Mysterious Egyptian Cemetery Holds A Million Mummies
An Egyptian cemetery that archaeologists have been studying for decades apparently holds more than a million mummies, though where exactly all these burials came from remains a mystery, according to new research.
The remains of one mummified child, estimated to be 18 months old at the time of her death, were the most recent unearthing from the site, literally making her one in a million. She reportedly entered her final resting place in Fag el-Gamous cemetery - which means "Way of the Water Buffalo," after a nearby road - over 1,500 years ago. This was during a time when the Roman or Byzantine Empire controlled Egypt, from the 1st century to the 7th century AD.
"We are fairly certain we have over a million burials within this cemetery. It's large, and it's dense," Project Director Kerry Muhlestein, from Brigham Young University, told Live Science.
With so many deceased buried in one place, you might assume that they were all of great importance. But archaeologists say that this cemetery was not a burial ground for kings or royalty. These million people were often laid to rest without grave goods and even sometimes without coffins - both which would have been signs of some significant rank.
And though some may describe the dead as mummified, for many of them their internal organs were rarely removed. Instead the region's arid environment was responsible for their mummification.
Despite their low status and limited wealth, the excavation team did find some diamonds in the rough, so to speak. Among the remains were beautiful items including linen, glass, and even colorful booties designed for a child.
"A lot of their wealth, as little as they had, was poured into these burials," Muhlestein said.

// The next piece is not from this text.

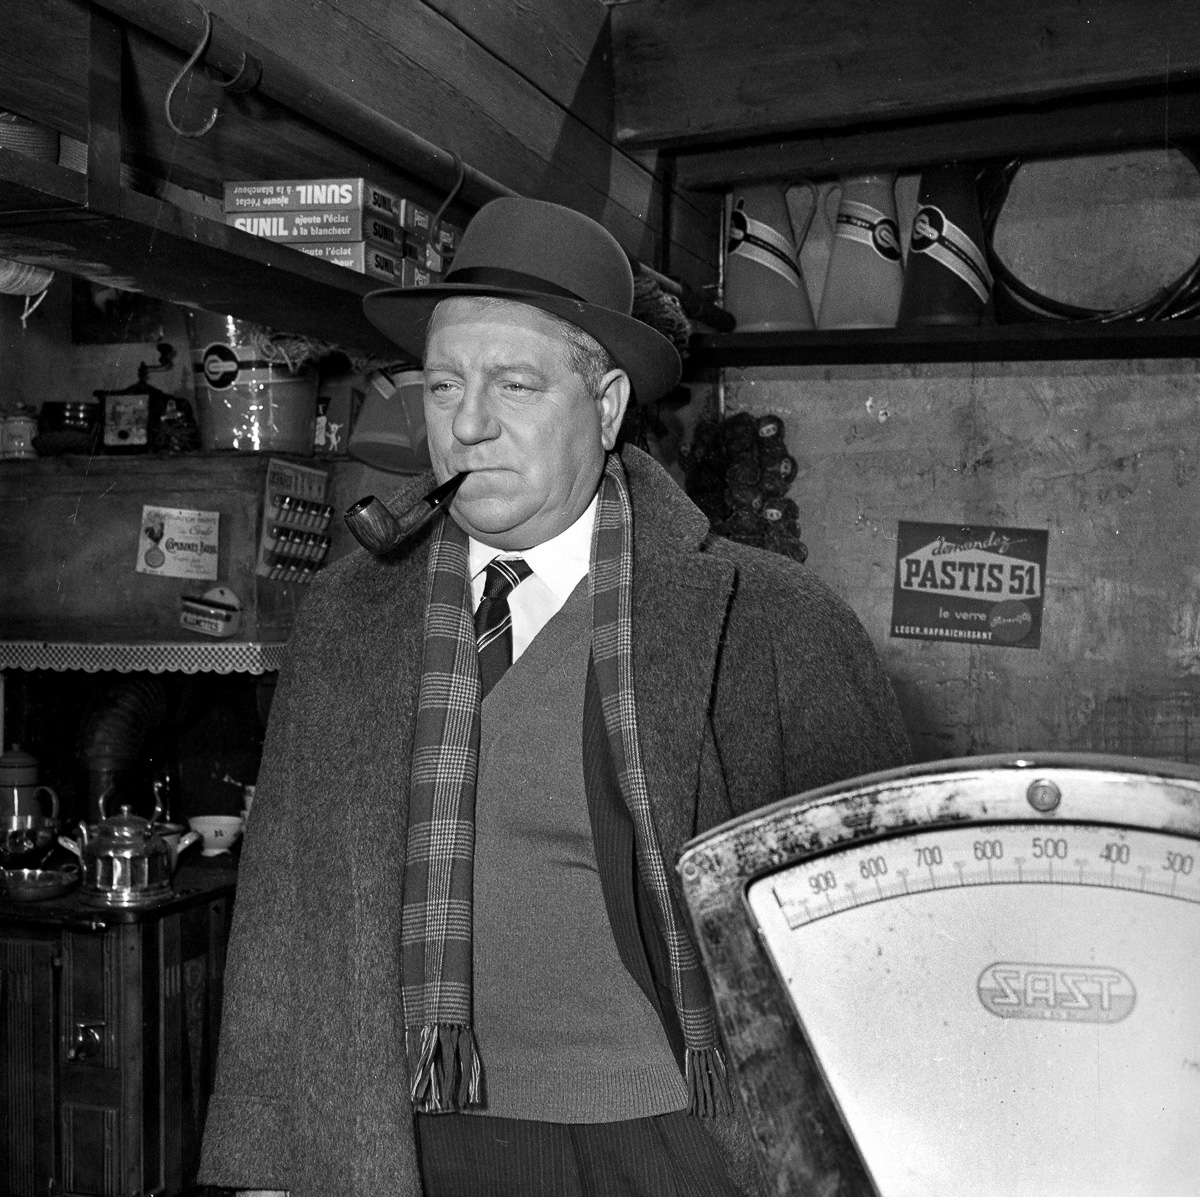 """""""Maigret et l'Affaire Saint-Fiacre"""", film de Jean Delannoy, d'après le roman de Georges Simenon. Jean Gabin. 1958."""

As for the recently discovered mummified child, researchers found the body wrapped in a tunic and wearing a necklace, with two bracelets on each arm.

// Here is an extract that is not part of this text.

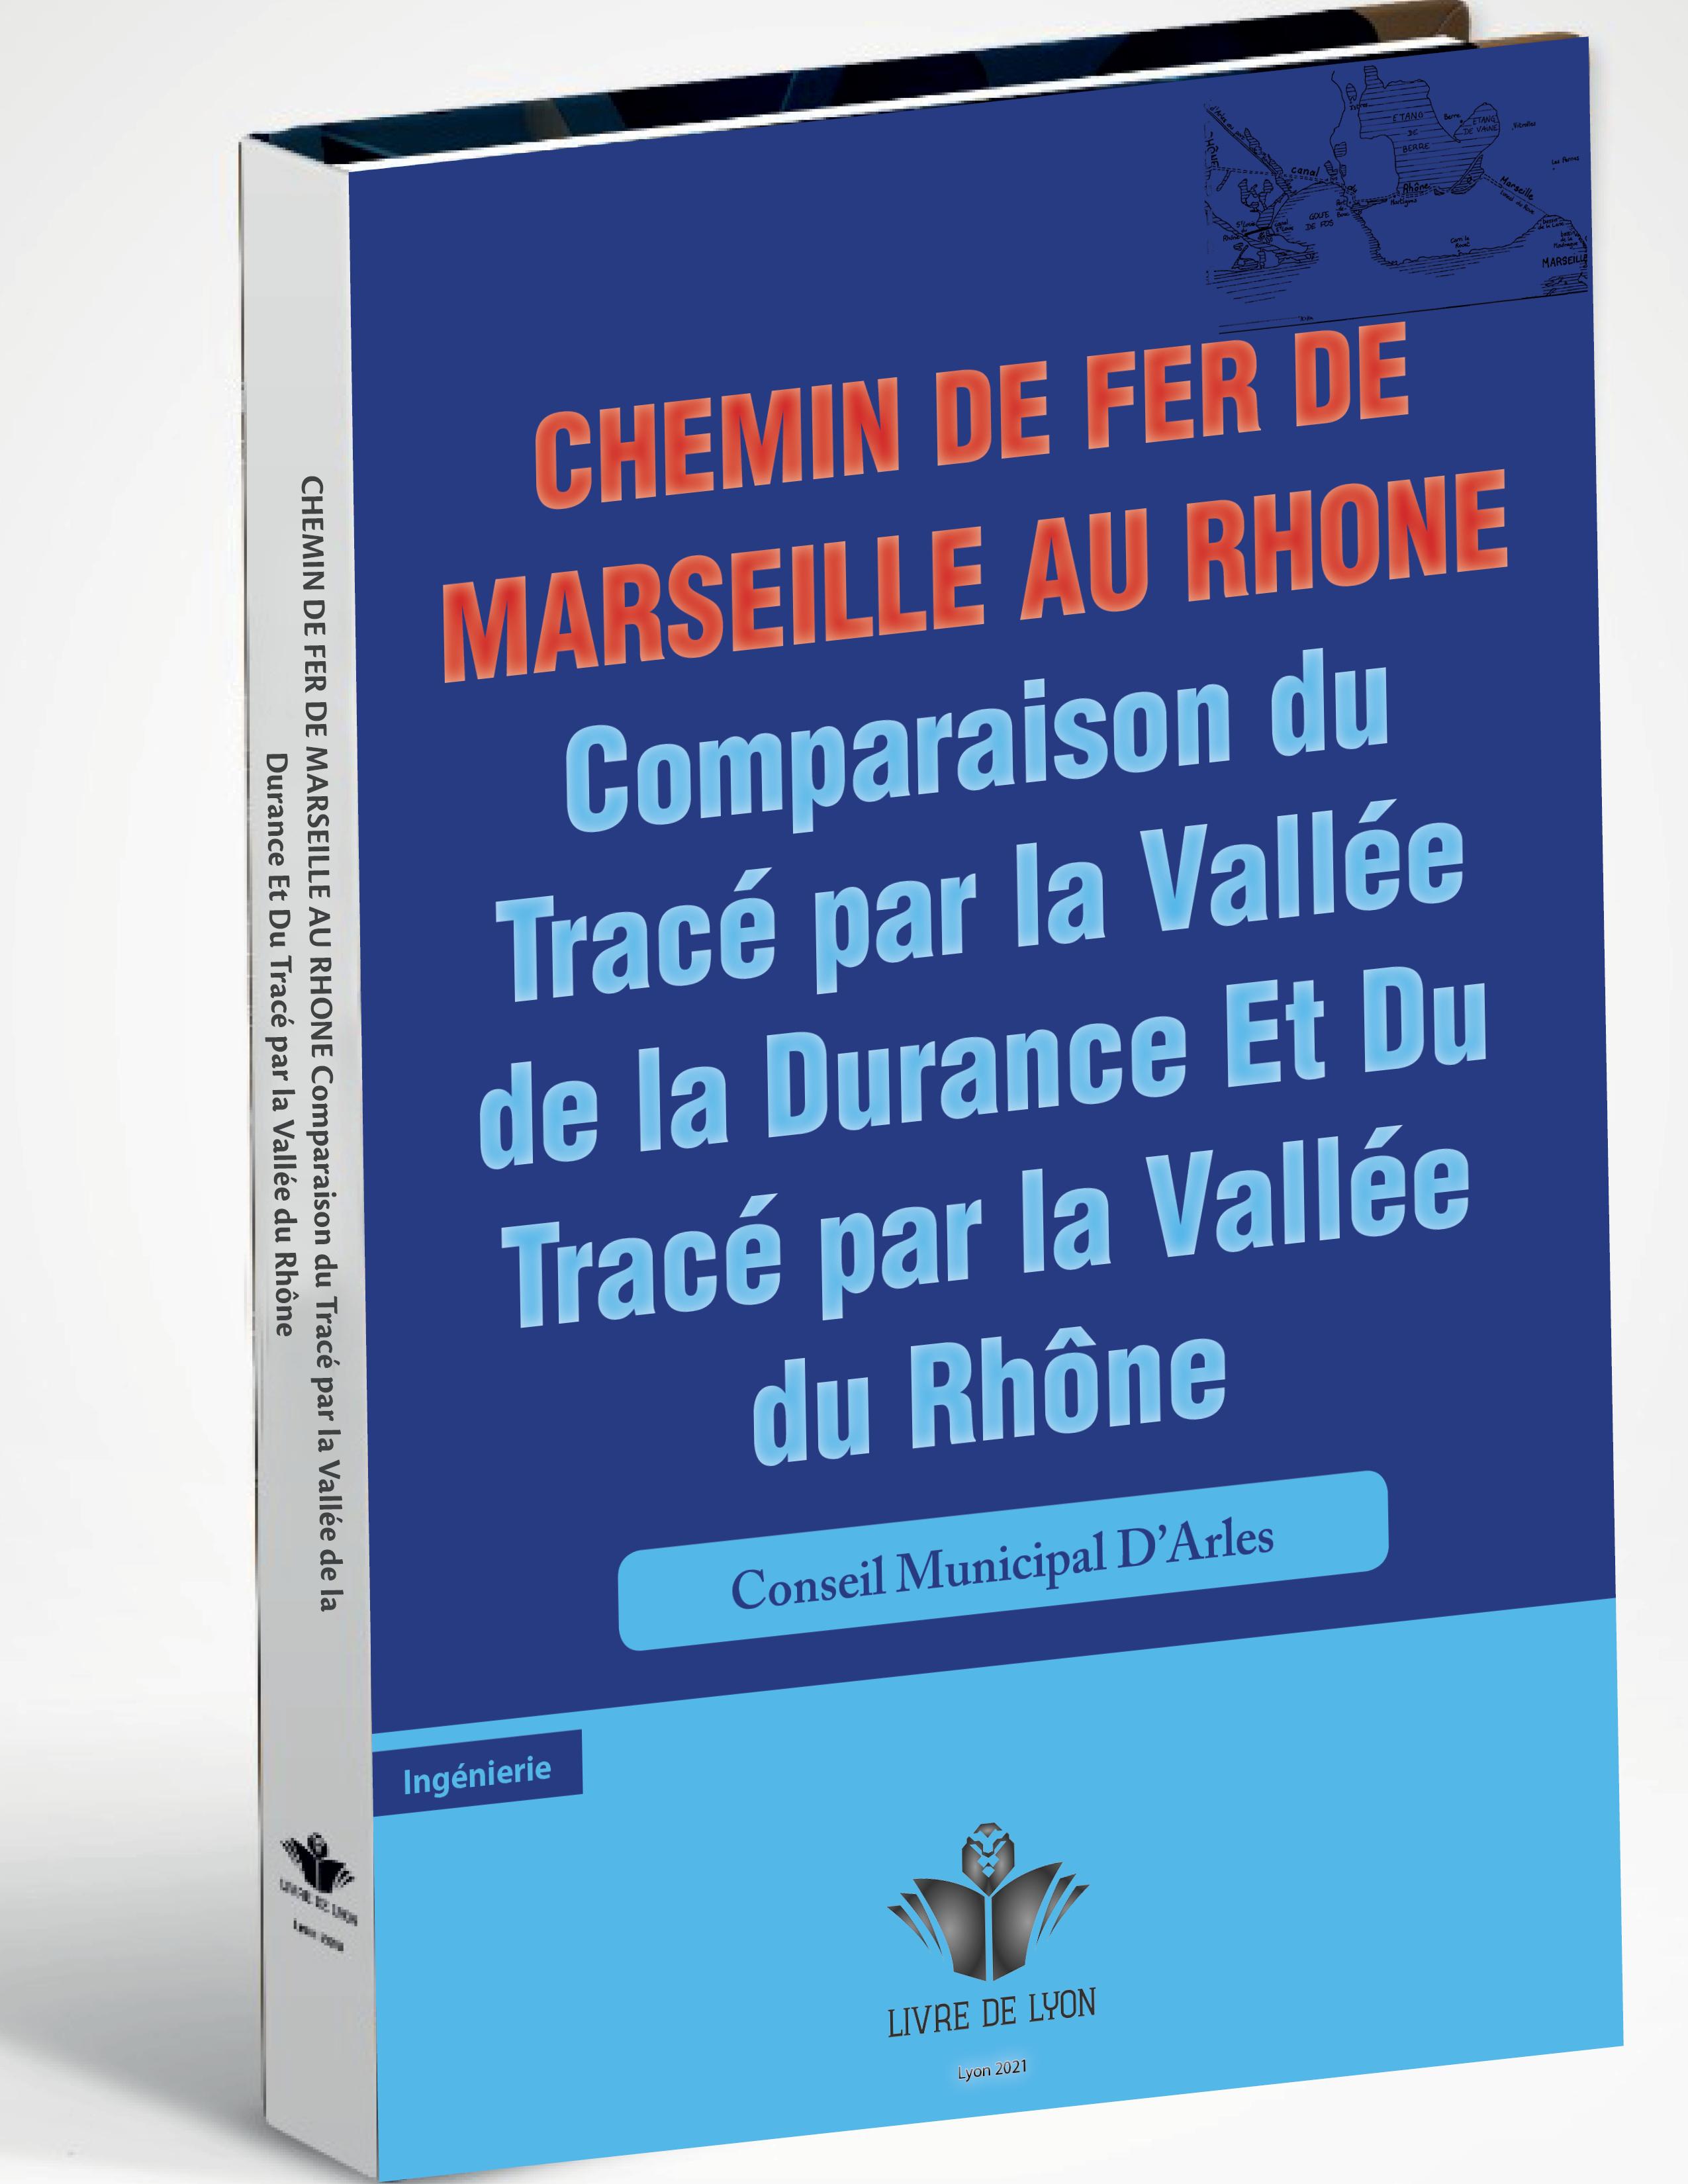 Chemin De Fer De Marseille Au Rhone: Comparaison Du Tracé Par La Vallée De La Durance Et Du Tracé Pa

Experts are still trying to figure out just why such a large cemetery was set up at the site - the nearby village would have been too small to warrant it, and the nearest large town had it own cemetery.
"It's hard to know where all these people were coming from," Muhlestein told Live Science.
"We cannot determine whether the large number of burials in one shaft-tomb represented a family burial, opened repeatedly as different members of the family died (both children and adults were buried in the multiple-burial tombs), or whether some catastrophe in the village or family resulted in a mass common burial effort," Wilfred Griggs, from the Religious Studies Centre at BYU, wrote in an earlier paper on the site.
Once researchers create a database of all the excavated mummies, revealing certain burial patterns in the area, they hope to shed some light on this ancient mystery.